Offense Histories in the FASD and No-FASD Groups

Neurocognitive test scores were compared only on domains where at least five subjects in each group completed the testing measure. Depending on the domain, the number of FASD subjects in these analyses ranged from 8 to 12, and the number of No-FASD subjects ranged from 14 to 22. As was found with overall group profile, both groups scored below the normative mean across domains (Fig. 4).

Figure 4.
Figure 4.

Comparison of neurocognitive profile between the FASD and No-FASD groups (*P < .05, **P < .01). FS, full-scale; VCI = verbal comprehension index; PRI, perceptual reasoning index; WMI, working memory index; PSI, processing speed index; RCFT, Rey Complex Figure Test; CVLT, California Verbal Learning Test; WCST, Wisconsin Card Sorting Test; CW, Color Word; EVT, Expressive Vocabulary Test.

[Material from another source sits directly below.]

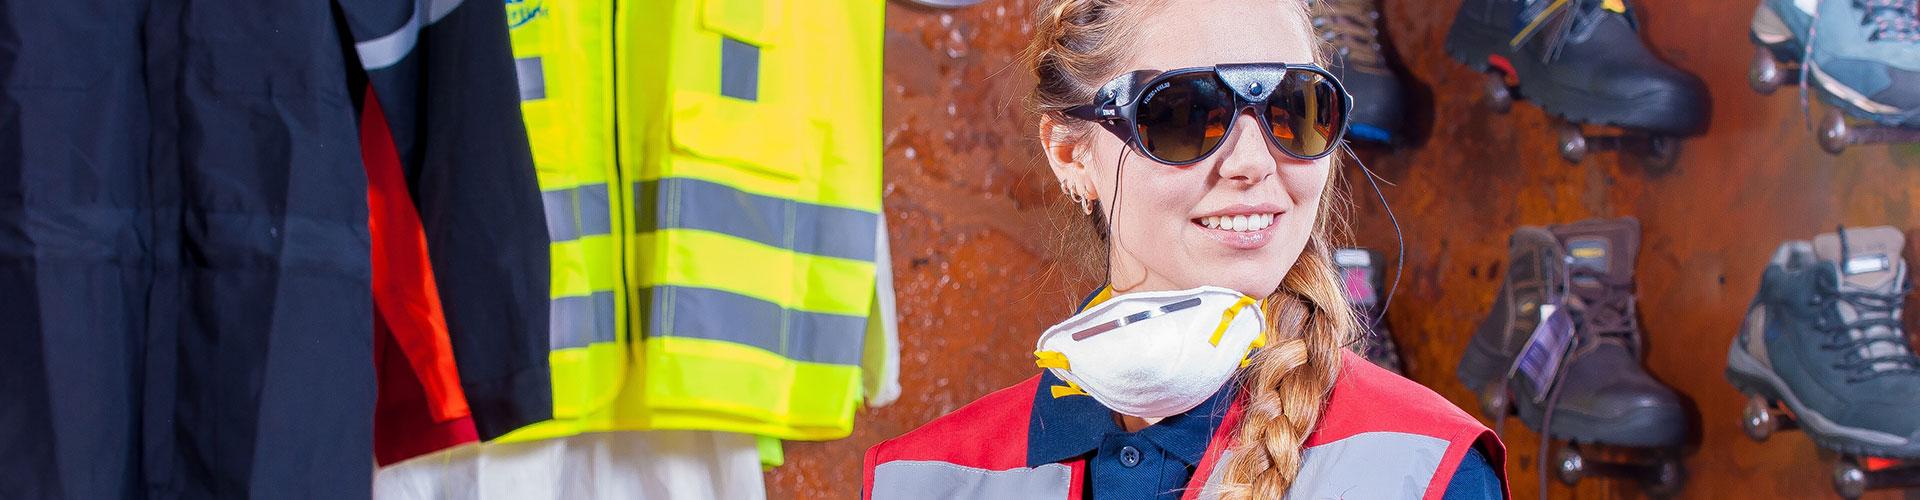 Corso per la sicurezza nei luoghi di lavoro – Formazione specifica RISCHIO ALTO (12 ore)
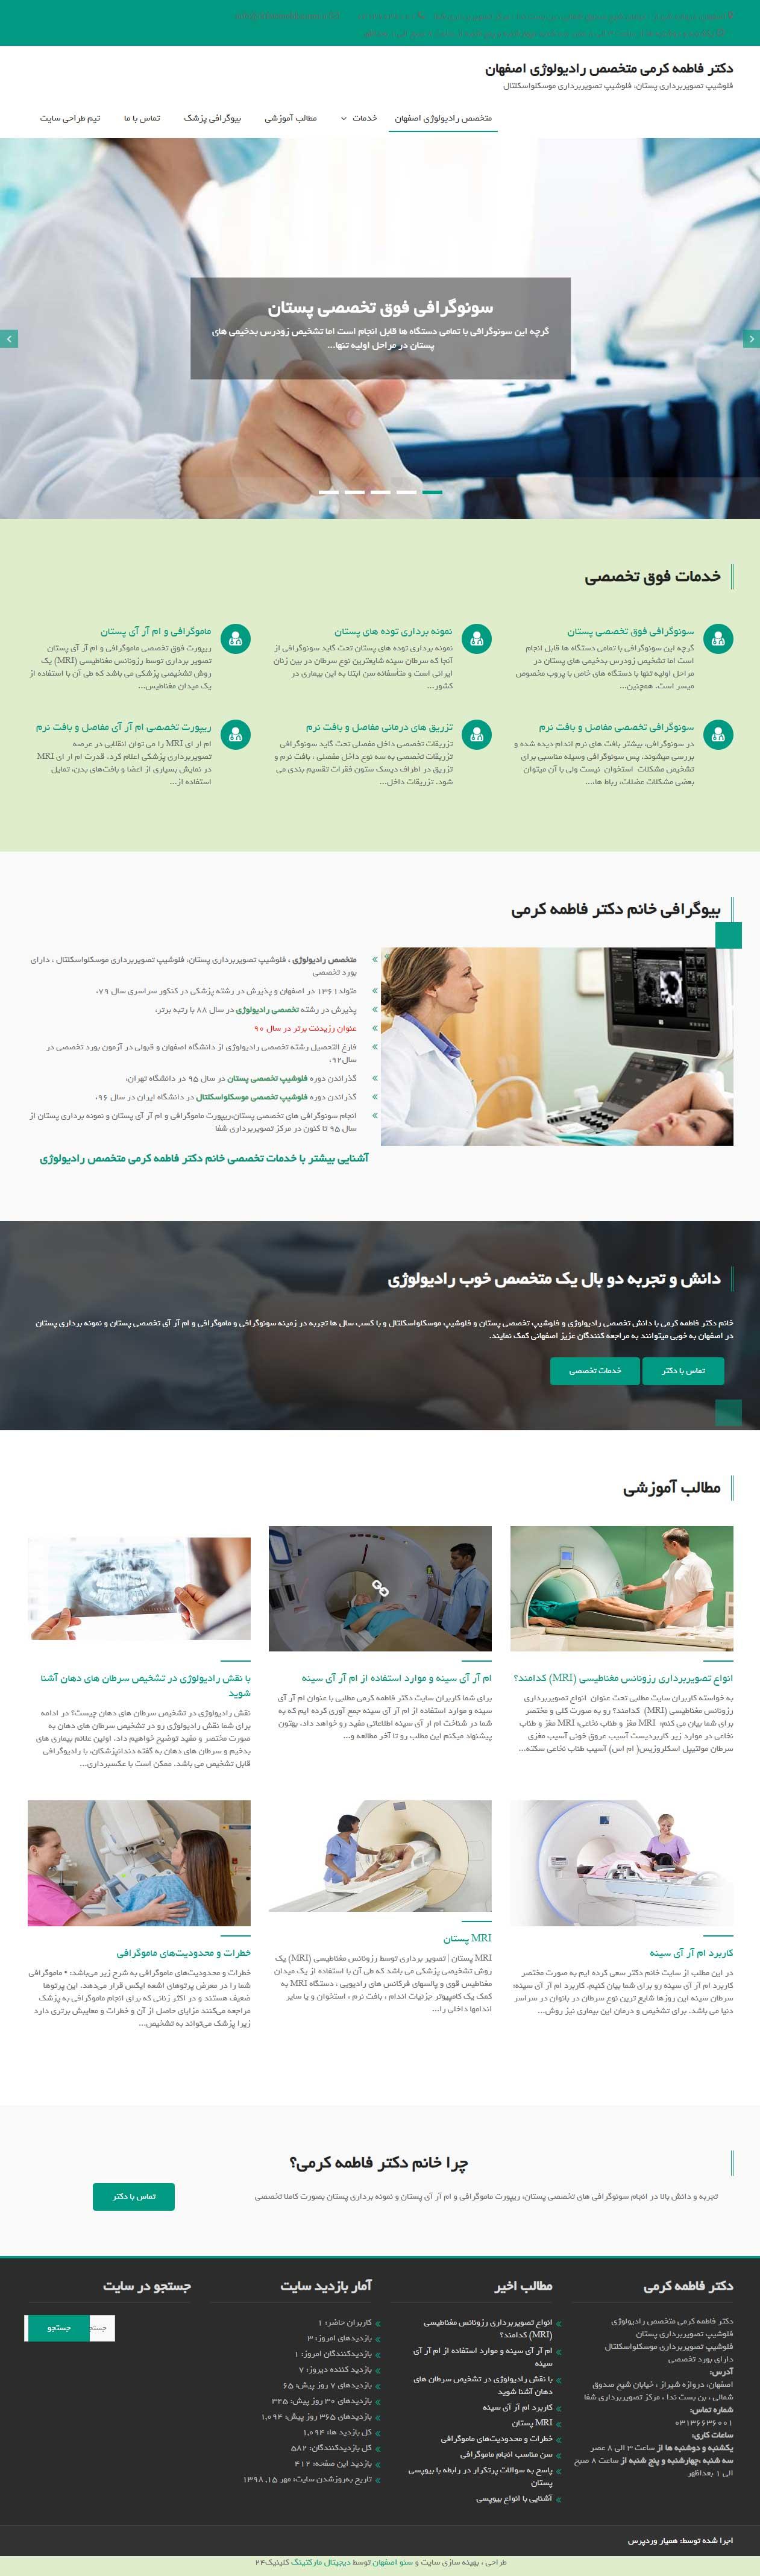 طراحی وب سایت متخصص رادیولوژی

Subjects in the No-FASD group showed the weakest performance (< −1 SD) on a test of executive function (as measured with the WCST) and visual memory (immediate and delayed recall). Their scores hovered around −1 SD on full-scale IQ, processing speed, and working memory. Subjects in the FASD group showed clinically significant impairment (< −2 SD) in visual memory (delayed and immediate recall), with additional pronounced deficits (< −1.5 SD) in full-scale IQ, verbal IQ, working memory, and processing speed.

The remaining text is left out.